Tournament statistics
- Top goal scorer: Karel Poborsky (7)

= 1994–95 Czech Cup =

The 1994–95 Czech Cup was the second edition of the annual football knockout tournament organized by the Czech Football Association of the Czech Republic.

Hradec Králové prevailed at the 14 June 1995 Cup and qualified for the 1995–96 UEFA Cup Winners' Cup.

==Round 3==

| Team 1 | Score | Team 2 |
|---|---|---|
| Příbram | 4–2 | České Budějovice |
| Tatran Poštorná | 2–1 | Boby Brno |
| Teplice | 0–2 | Union Cheb |
| Znojmo | 0–1 | Hradec Králové |
| Karviná | 1–0 | Baník Havířov |
| Lokomotiva Kladno | 0–0 3–4 pen | Bohemians Prague |
| Město Albrechtice | 0–3 | Baník Ostrava |
| Dukla Prague | 5–0 | Český Brod |
| VP Frýdek-Místek | 0–7 | Sigma Olomouc |
| GGS Arma Ústí | 0–1 | Viktoria Plzeň |
| Kaučuk Opava | 0–0 2–4 pen | Svit Zlín |
| Sparta Prague | 3–1 | Benešov |
| Chmel Blšany | 1–0 | Liberec |
| Sokol Brozany | 0–1 | Slavia Prague |
| LeRK Prostějov | 0–2 | Petra Drnovice |
| SK Chrudim | 0–1 | Viktoria Žižkov |

==Round 4==

| Team 1 | Score | Team 2 |
|---|---|---|
| Tatran Poštorná | 2–2 3–1 pen | Sigma Olomouc |
| Viktoria Plzeň | 0–0 5–3 pen | Union Cheb |
| Příbram | 3–0 | Chmel Blšany |
| Dukla Prague | 0–1 | Sparta Prague |
| Svit Zlín | 0–1 | Petra Drnovice |
| Hradec Králové | 1–0 | Slavia Prague |
| Karviná | 1–5 | Baník Ostrava |
| Viktoria Žižkov | 4–0 | Bohemians Prague |

==Quarterfinals==
The quarterfinals were played on 19 April 1995.

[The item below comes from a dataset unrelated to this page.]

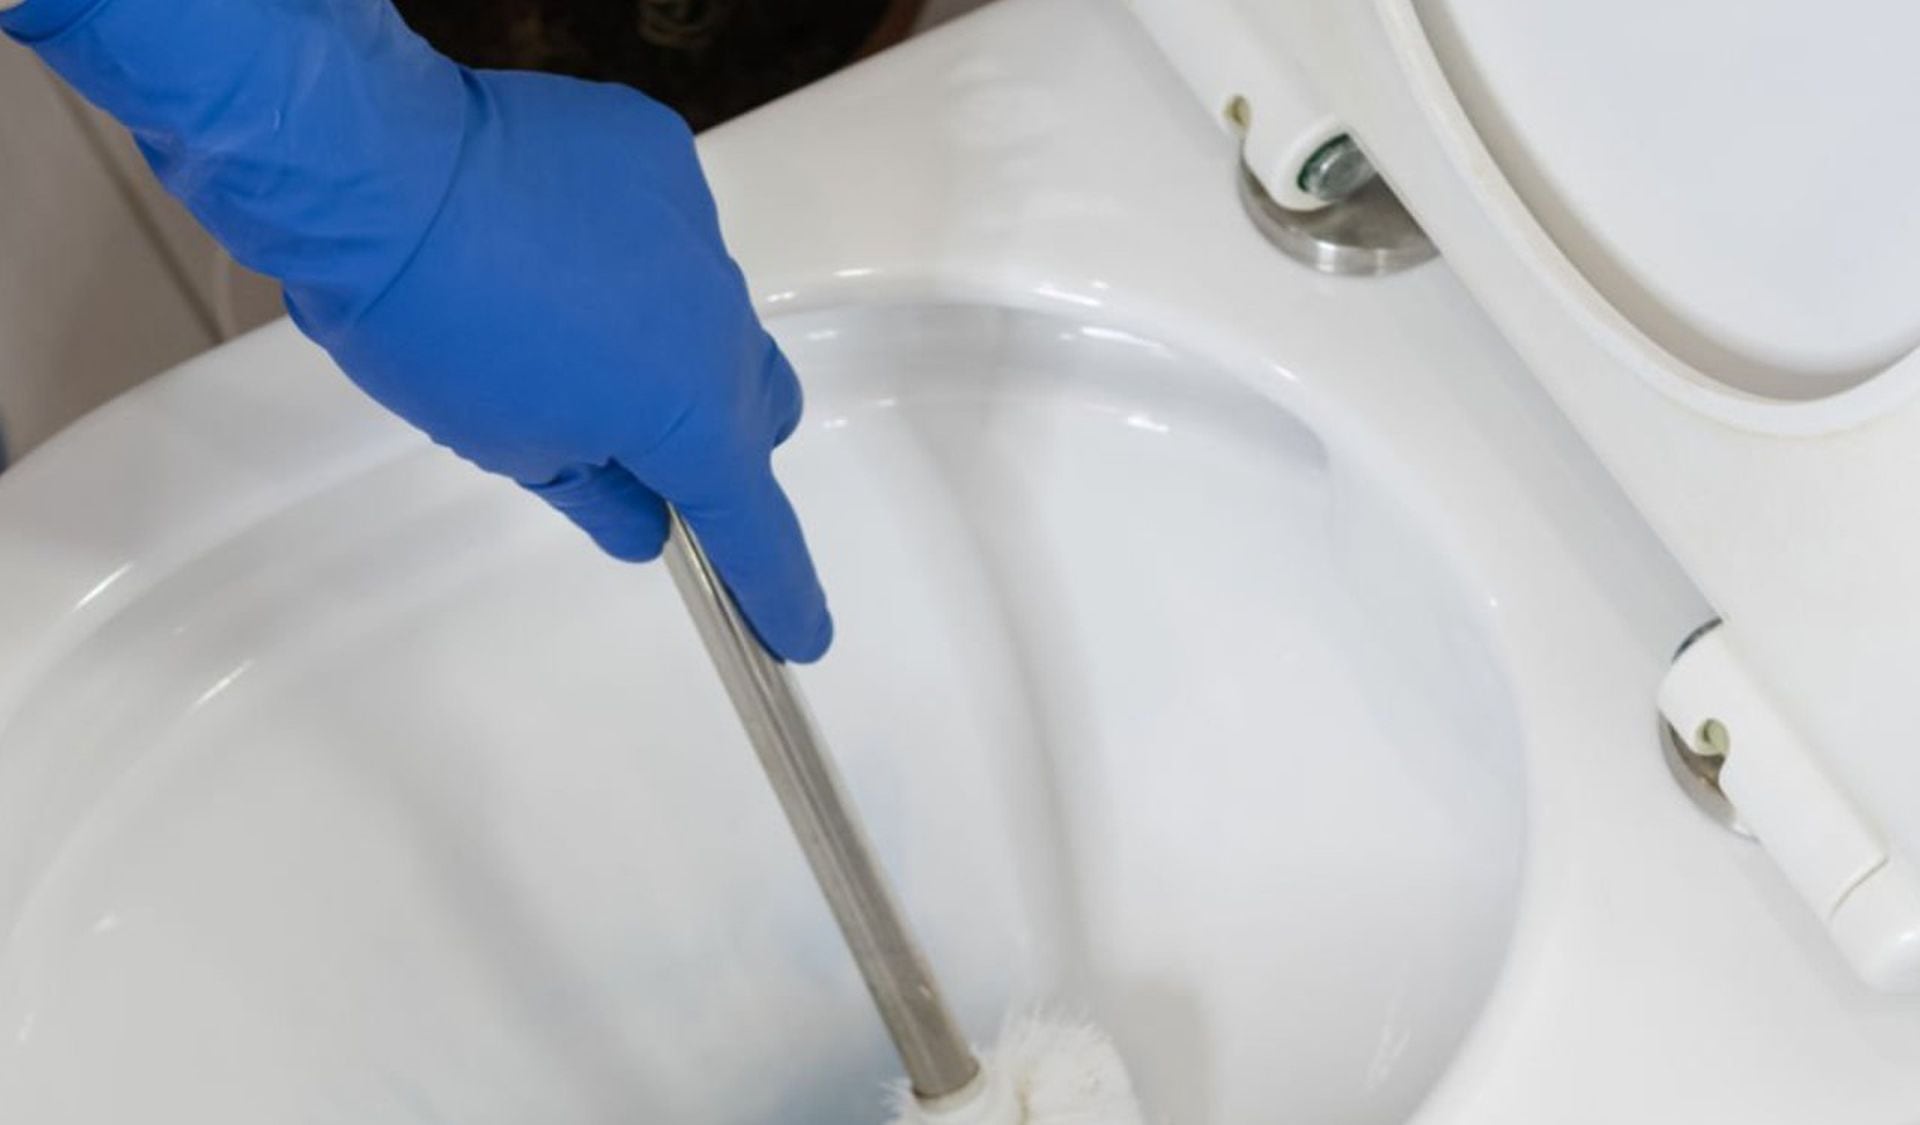 El trucazo del año para limpiar y desinfectar la escobilla del baño en 1  minuto SIN TOCARLA

| Team 1 | Score | Team 2 |
|---|---|---|
| Příbram | 1–1 4–3 pen | Sparta Prague |
| Viktoria Žižkov | 5–0 | Tatran Poštorná |
| Baník Ostrava | 0–2 | Hradec Králové |
| Petra Drnovice | 3–2 | Viktoria Plzeň |

==Semifinals==
The semifinals were played on 17 May 1995.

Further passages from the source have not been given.